Binary classification is the simplest kind of machine learning problem. The goal of binary classification is to categorise data points into one of two buckets: 0 or 1, true or false, to survive or not to survive, blue or no blue eyes, etc.

# Note:

For classification problem the output layer consist of one node with a sigmoid activation unit or softmax.

So, based on this we can select a loss function.
The loss function for such case is Cross-Entropy

# Binary Cross Entropy Loss

Cross-entropy loss, or log loss, measures the performance of a classification model whose output is a probability value between 0 and 1. Cross-entropy loss increases as the predicted probability diverges from the actual label. So predicting a probability of 0.2 when the actual observation label is 1 would be bad and result in a high loss value.
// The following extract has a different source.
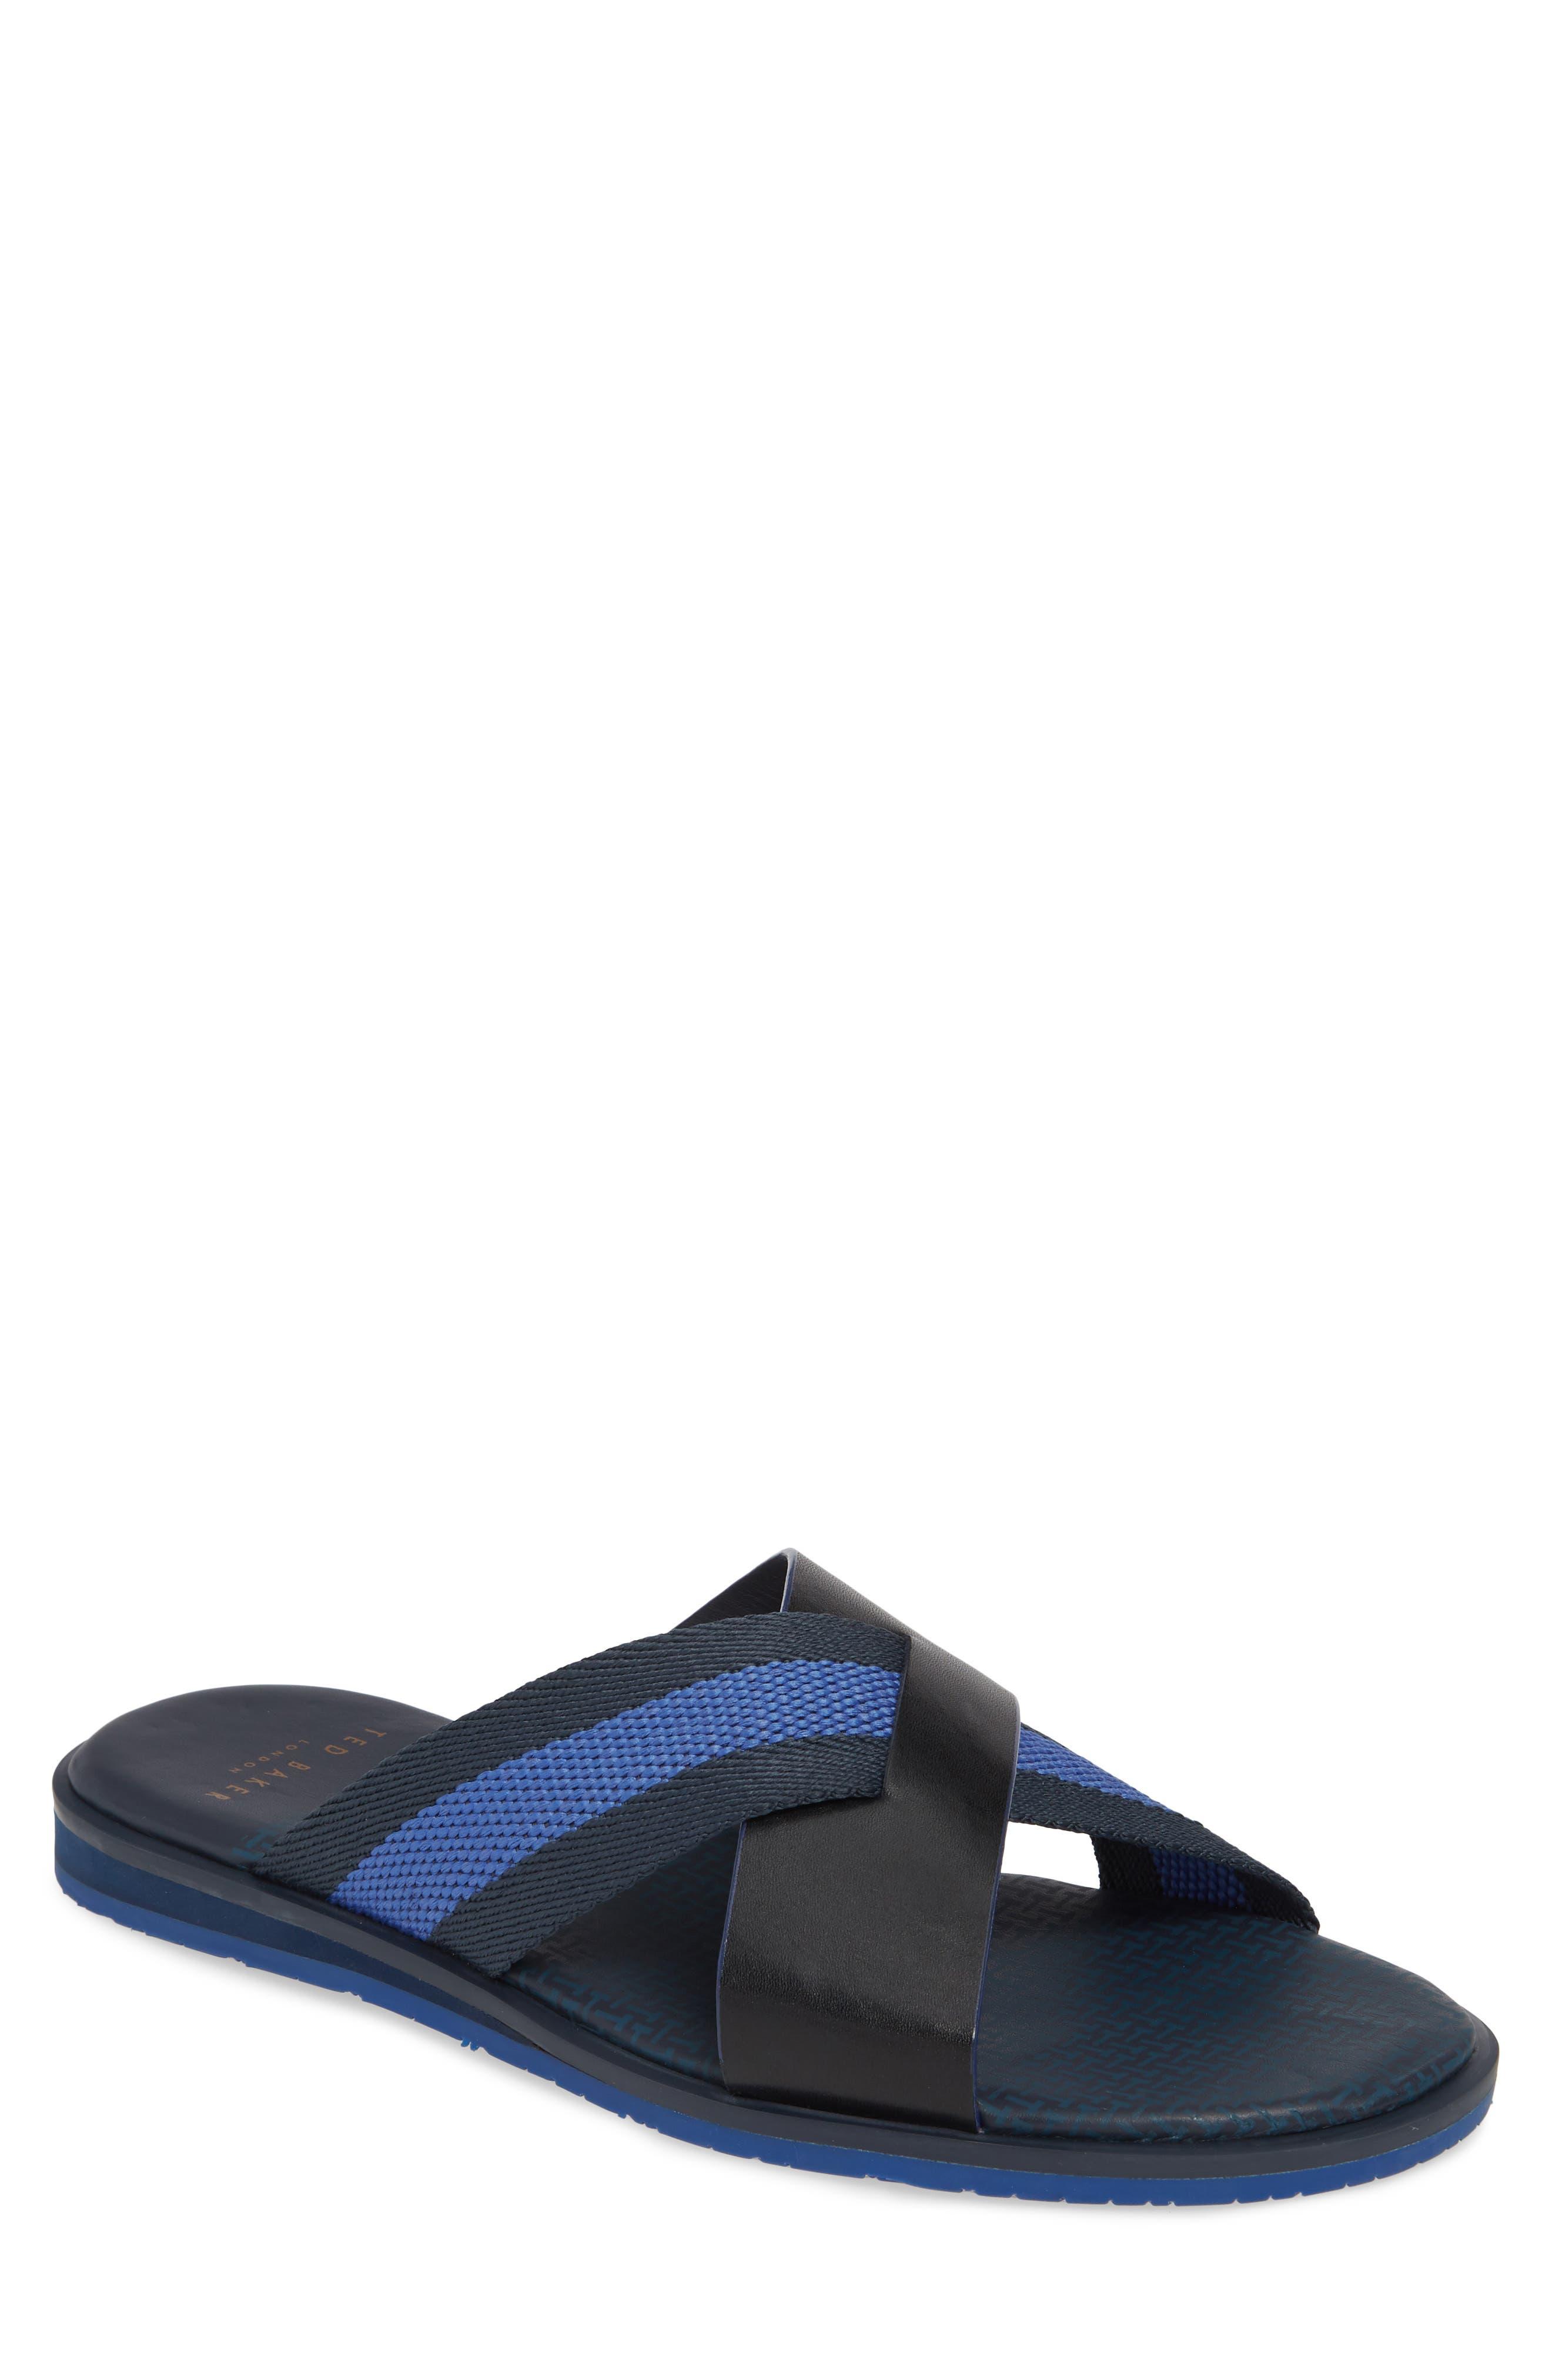 Ted Baker London Bowdus Slide Sandal, Blue

A perfect model would have a log loss of 0.

Formula for binary cross entropy:
![link text](https://cdn.analyticsvidhya.com/wp-content/uploads/2021/03/Screenshot-from-2021-03-03-11-33-29.png)

In [6]:
# create a list for true label of random values of any size
y_true = np.array([0,1,0,0])
print(y_true)
print(y_true.shape)




# create a list for predicted label same size as compared to true label but values can be same or different
y_pred = np.array([0.6 ,0.3, 0.2 ,0.8])
print(y_pred)
print(y_pred.shape)




# create a variable named bin_cross_entropy which is a constructor of BinaryCrossentropy from tensorflow
bin_cross_entropy = tf.keras.losses.BinaryCrossentropy()
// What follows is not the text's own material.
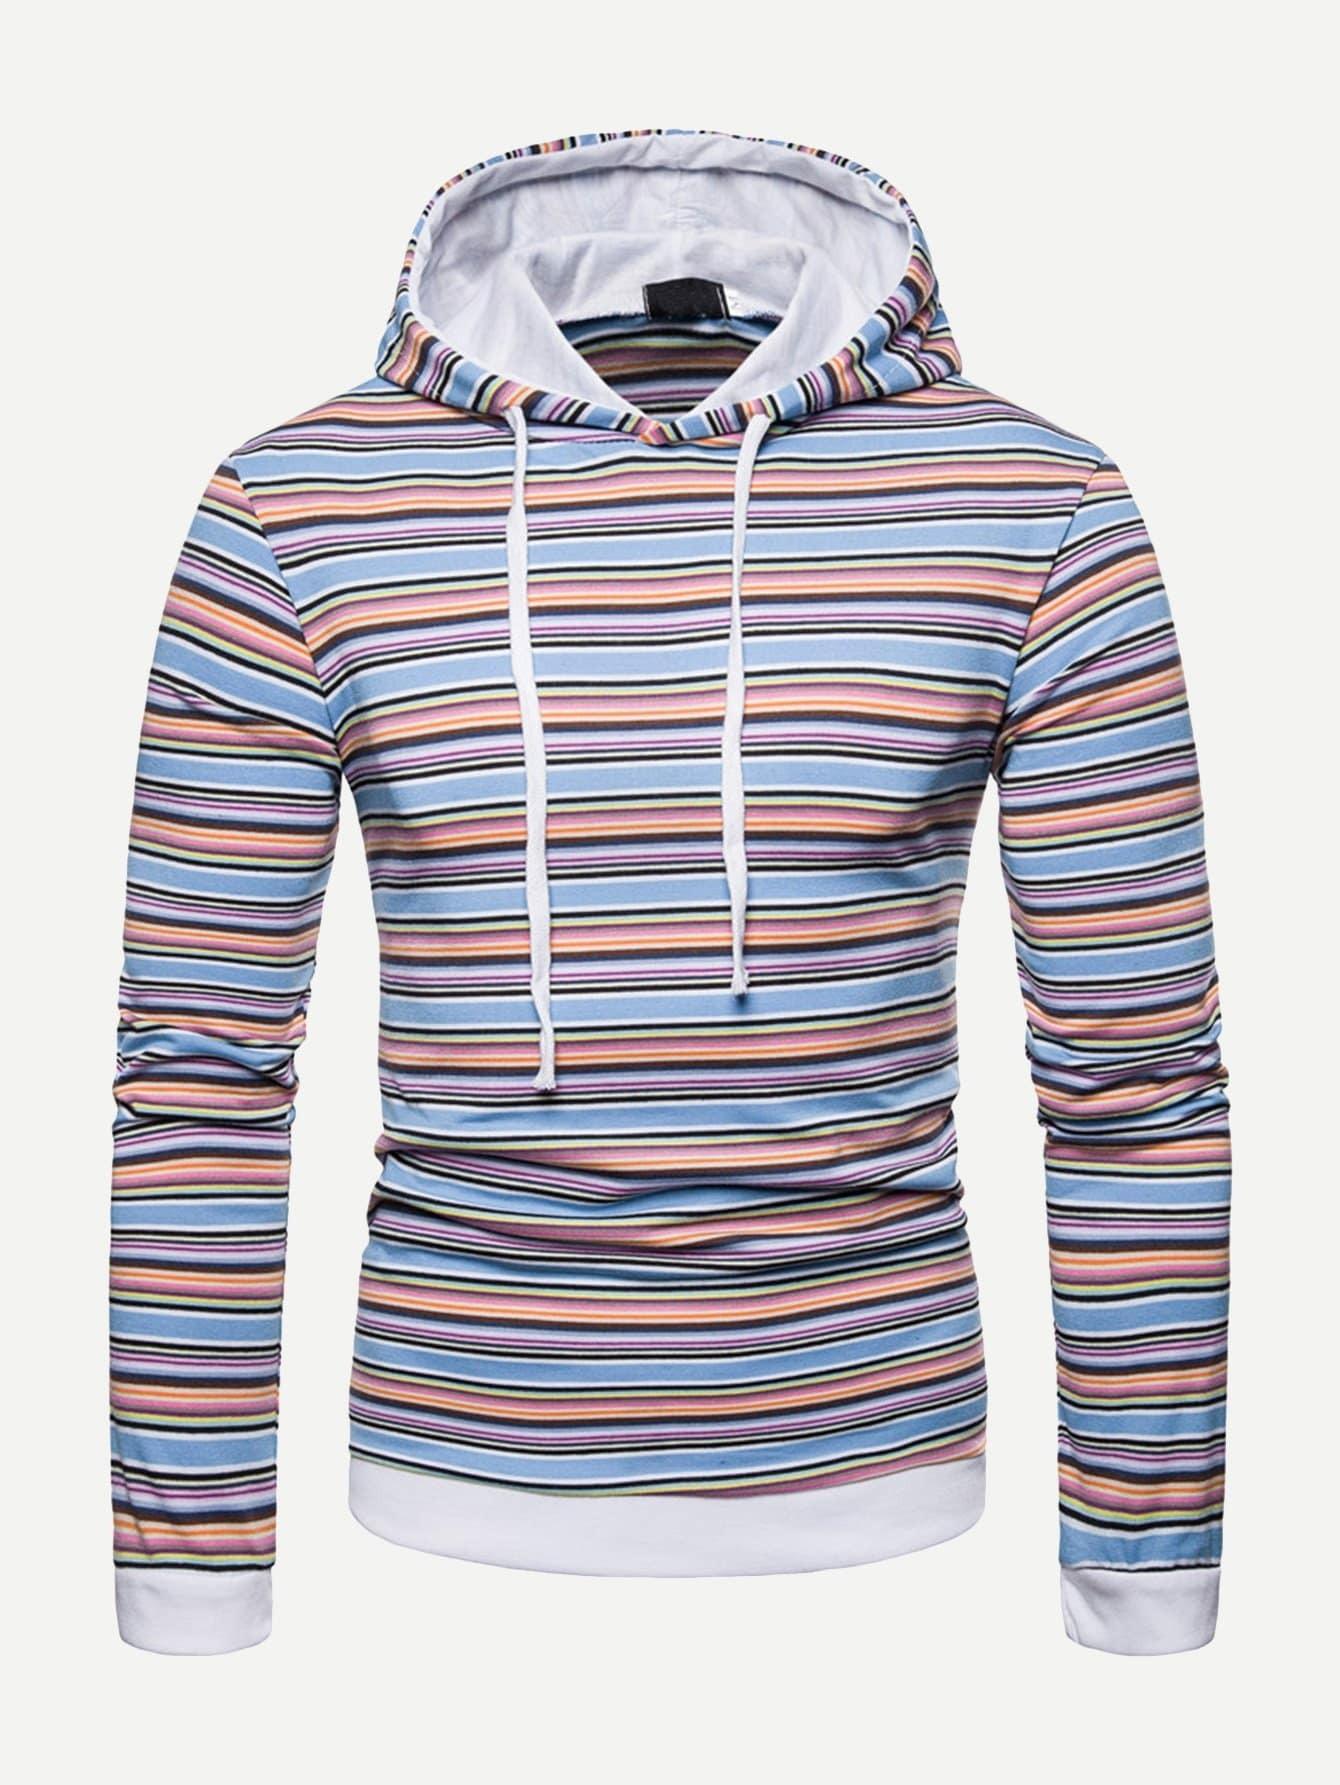 Купить Красочный полосатый свитшот с капюшоном для мужчины, null, SheIn

# create a variable to store bin_cross_entropy loss resturned by tensorflow
bin_cross_entropy_value = bin_cross_entropy(y_true, y_pred).numpy()



# print bin_cross_entropy_value
print(bin_cross_entropy_value)



[0 1 0 0]
(4,)
[0.6 0.3 0.2 0.8]
(4,)
0.9882113


# Hinge Loss

Hinge Loss is another loss function for binary classification problems. It is primarily developed for Support Vector Machine (SVM) models. The hinge loss is calculated based on “maximum-margin” classification.

This loss function is used if the target values are in the set (-1, 1). The target variable must be modified to have values in the set (-1, 1), which means if y has value as 0, it needs to be changed as -1.

Formula for Hinge Loss:

![link text](https://www.machinecurve.com/wp-content/uploads/2019/10/image-1.png)

The hinge loss function tries to ensure the correct sign by assigning more error if there is a difference in the sign between the actual and predicted class values.

In [7]:
# create a list for true label of random values of any size
y_true = np.array([[0.1,1.],[0.,0.]])
print(y_true)
print(y_true.shape)
# create a list for predicted label same size as compared to true label but values can be same or different
y_pred = np.array( [[0.6, 0.4],[0.4 ,0.6]])
print(y_pred)
print(y_pred.shape)

# create a variable named hinge_loss which is a constructor of Hinge from tensorflow
hinge_loss = tf.keras.losses.Hinge()


# create a variable to store hinge_loss loss returned by tensorflow
hinge_loss_value = hinge_loss(y_true, y_pred).numpy()


# print hinge_loss value
print(hinge_loss_value)



[[0.1 1. ]
 [0.  0. ]]
(2, 2)
[[0.6 0.4]
 [0.4 0.6]]
(2, 2)
0.885


# Multi-Class Classification Problem

A classification problem including more than two classes is called Multi-Class classification

example: classify a set of flowers which may be roses, lotus, lily, etc.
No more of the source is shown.